For me, this is not the time to confuse them with religious concepts that are shaky, at best, and cruel, at worst. Because they believe in one thing right now more than any: me and what I tell them.

So, what do we do with our time? Actually, we do things that are quite nice. Our closest thing to a Sunday routine is for one of us to run out for bagels, coffee, and the New York Times  while the kids sleep in. Chris and I read and chat, the kids roll out of bed and putz around with their toys and bikes. Last Sunday, we called up our neighbors, now good friends, and went for a multi-family hike in the Santa Cruz foothills.  Sometimes I go for my long run or Chris takes his long bike-ride. It’s unusually quiet out, as Sunday morning is the only time Palo Altans take a break from being ambitious. Maybe they’re all in church.

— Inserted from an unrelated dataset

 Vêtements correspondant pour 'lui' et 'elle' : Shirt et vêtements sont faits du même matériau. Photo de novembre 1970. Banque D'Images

But I wouldn’t worry too much, if I were you, that those of us who don’t go are missing out. I mean, I get why you do, just like I worry people who haven’t tried yoga, or visited Mexico, or smoked pot, are missing out. (Maybe all three at once?) Chances are, the non-church-goers know what they’re missing, and this is why they’re choosing to miss it. We are friends with many of these types and together, we make up a different kind of community. We depend on each other for the casseroles and baby-sitters and strong shoulders to lean on. At our home, instead of prayer, we go around the table before we eat and tell each other what we’re thankful for. We celebrate the equinox and solstice and the natural world. (This is not the same thing as worshiping the devil, which I’m pretty sure I was told at some point when I was a child.)  And there are always people like you, Katie, who bring the food and love and support anyway, even to people like me, who don’t go to church.